A 1-week-old male infant was admitted for investigation of nonbilious projectile vomiting. On physical examination, his abdomen was soft with no palpable masses. Ultrasonography (US) showed a hypertrophic pyloric muscle with a thickness of 3.7 mm. Atropine sulfate, at a dose of 0.04 mg/kg/day was administered for 1 week. A UGI study revealed pyloric stenosis caused by a submucosal mass of the pylorus (Fig. 1). Surgical exploration showed a submucosal solid mass of 10 × 10 mm in diameter located on the greater curvature of the pylorus. It was excised in an extramucosal fashion. Histologic evaluation confirmed pyloric muscle with non-cystic duodenal duplication and ectopic pancreatic acinar tissue(Fig. 2). The postoperative clinical course was uneventful.

FIG. 1:
Upper gastrointestinal barium study showing gastric outlet obstruction and a 10-mm in diameter submucosal mass of the pylorus (a semiprone view).
FIG. 2:
Microscopic appearance of an excised submucosal mass. Hematoxylin-eosin; magnification, ×50. Pyloric muscle with ectopic pancreatic acinar tissue (open arrow) and noncystic duodenal duplication (filled arrow).


Gastrointestinal duplication on the pylorus is an extremely rare condition. The first case of pyloric duplication cyst was reported by Ramsay in 1957 (2). Additional cases of pyloric, gastropyloric, or pyloroduodenal duplication have been reported (1,3-6) in which gastric outlet was obstructed by a duplication cyst. In our case, the gastric outlet was obstructed by a small submucosal mass, which consisted of pyloric muscle, duodenal duplication without a cystic lumen, and ectopic pancreatic acinar tissue.
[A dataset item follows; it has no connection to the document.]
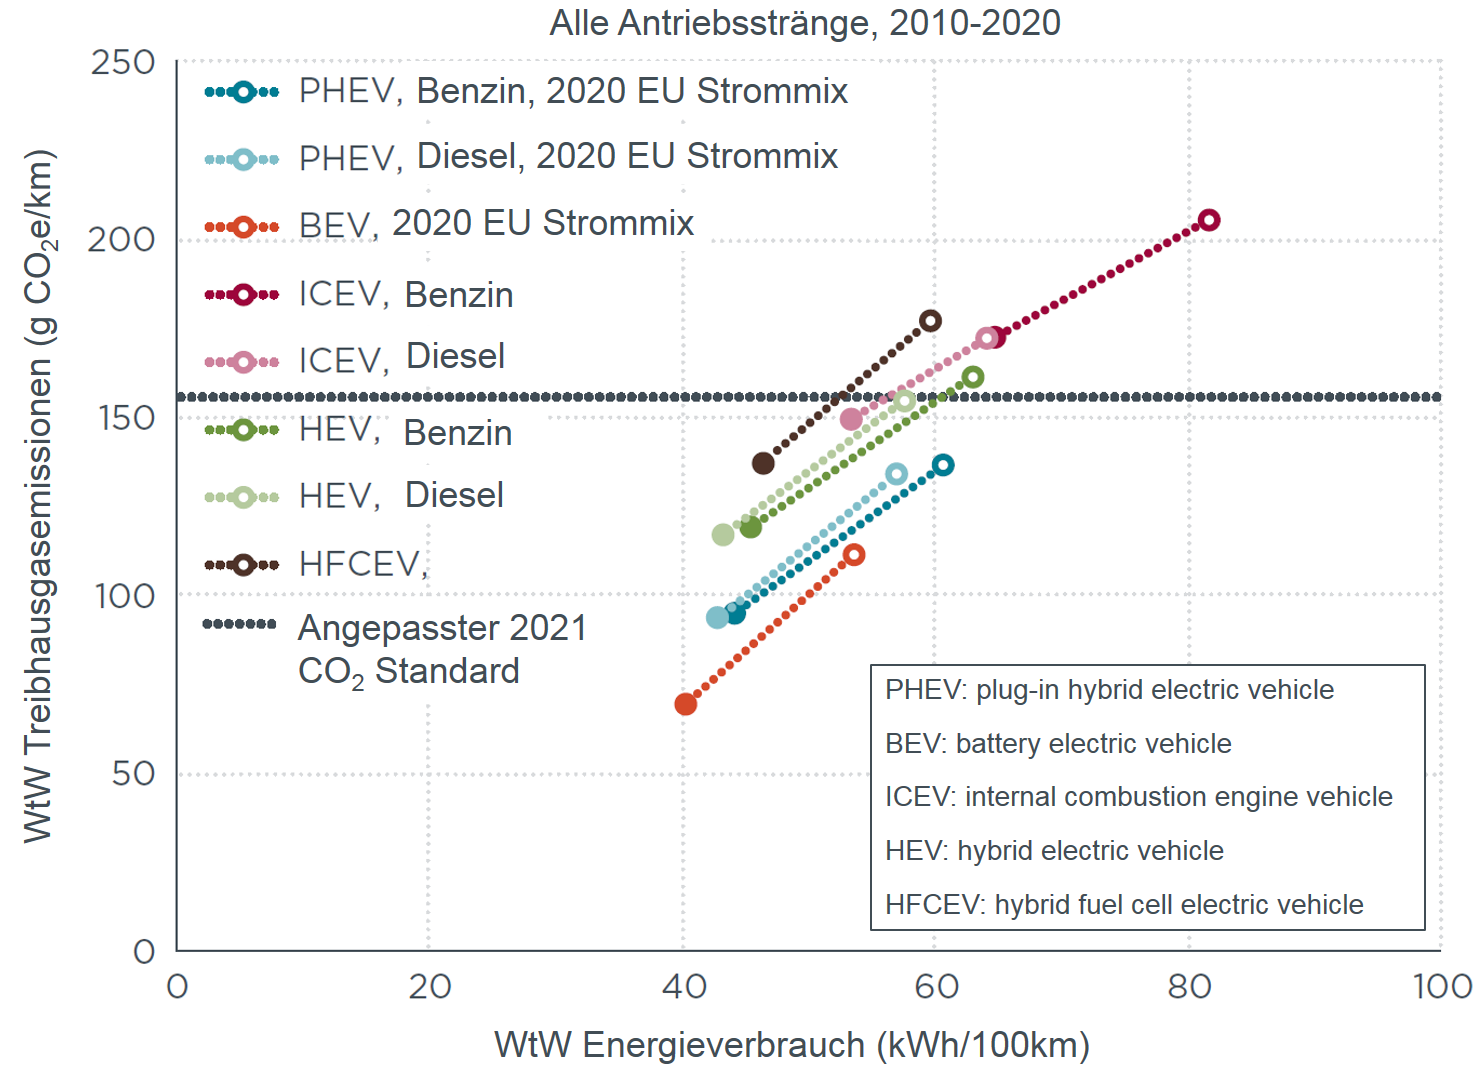 Voraussichtliche Treibhausgasemissions- und Energieverbrauchsänderung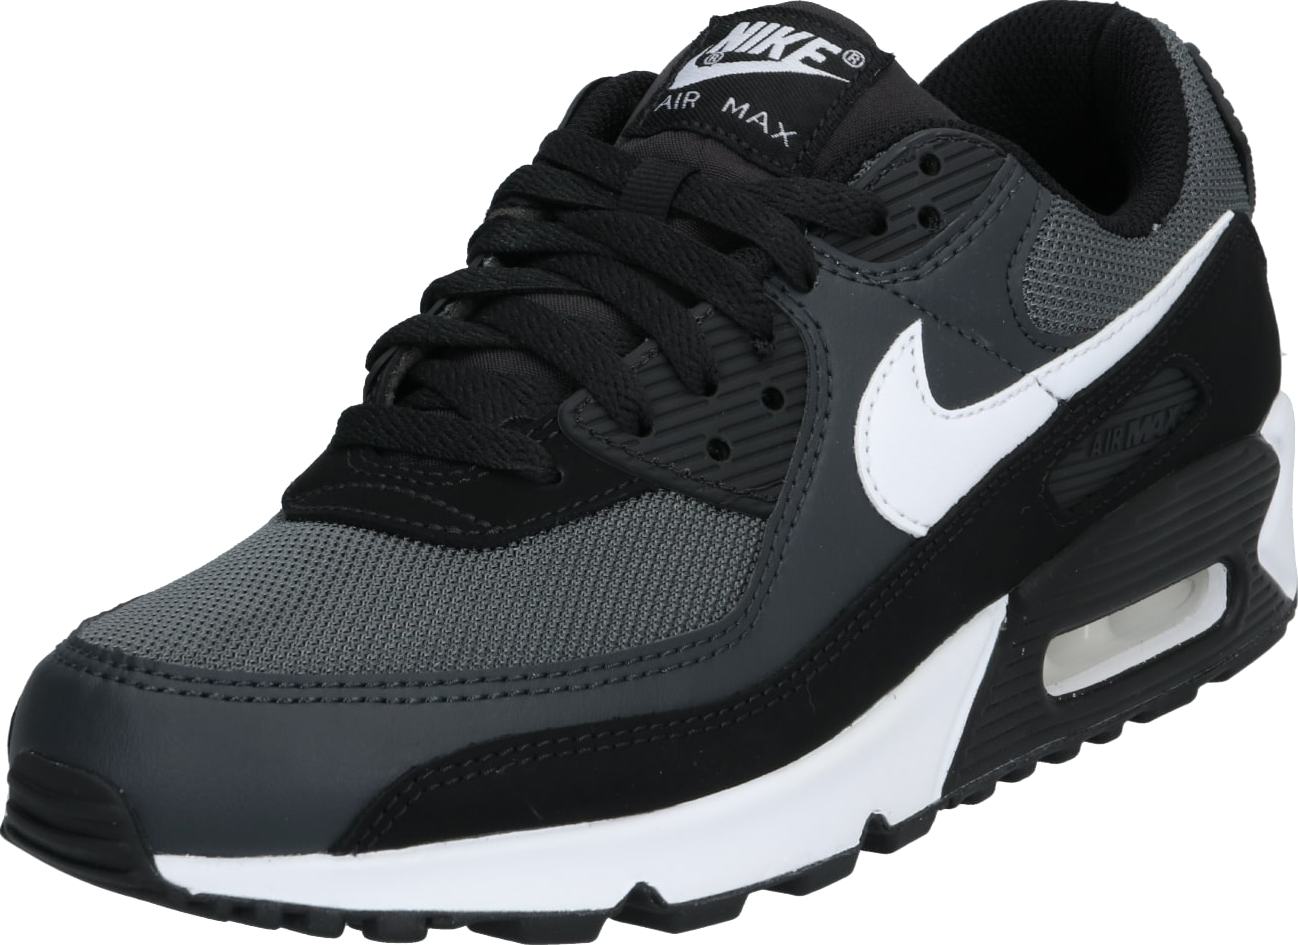 Tenisky 'AIR MAX 90' Nike Sportswear šedá / černá / bílá

Grosfeld et al. (3) reported gastric duplication with pancreatic acinar tissue; however, noncystic duodenal duplication with ectopic pancreatic tissue has not been reported in the English literature. The diagnosis of pyloric duplication is based on clinical symptoms that generally mimic those of hypertrophic pyloric stenosis. Recently, ultrasound has provided an accurate measurement of the thickness of pyloric muscle. It also provides indication for surgical pyloric myotomy in most of the patients with hypertrophic pyloric stenosis, (7) thus rendering UGI unnecessary. Although UGI may show only pyloric narrowing and may not demonstrate the duplication, correct preoperative diagnosis of pyloric duplication has recently been achieved by ultrasound(4). However, when the duplication is small and noncystic, UGI may demonstrate a solid mass as the cause of gastric outlet obstruction, as was seen in our case.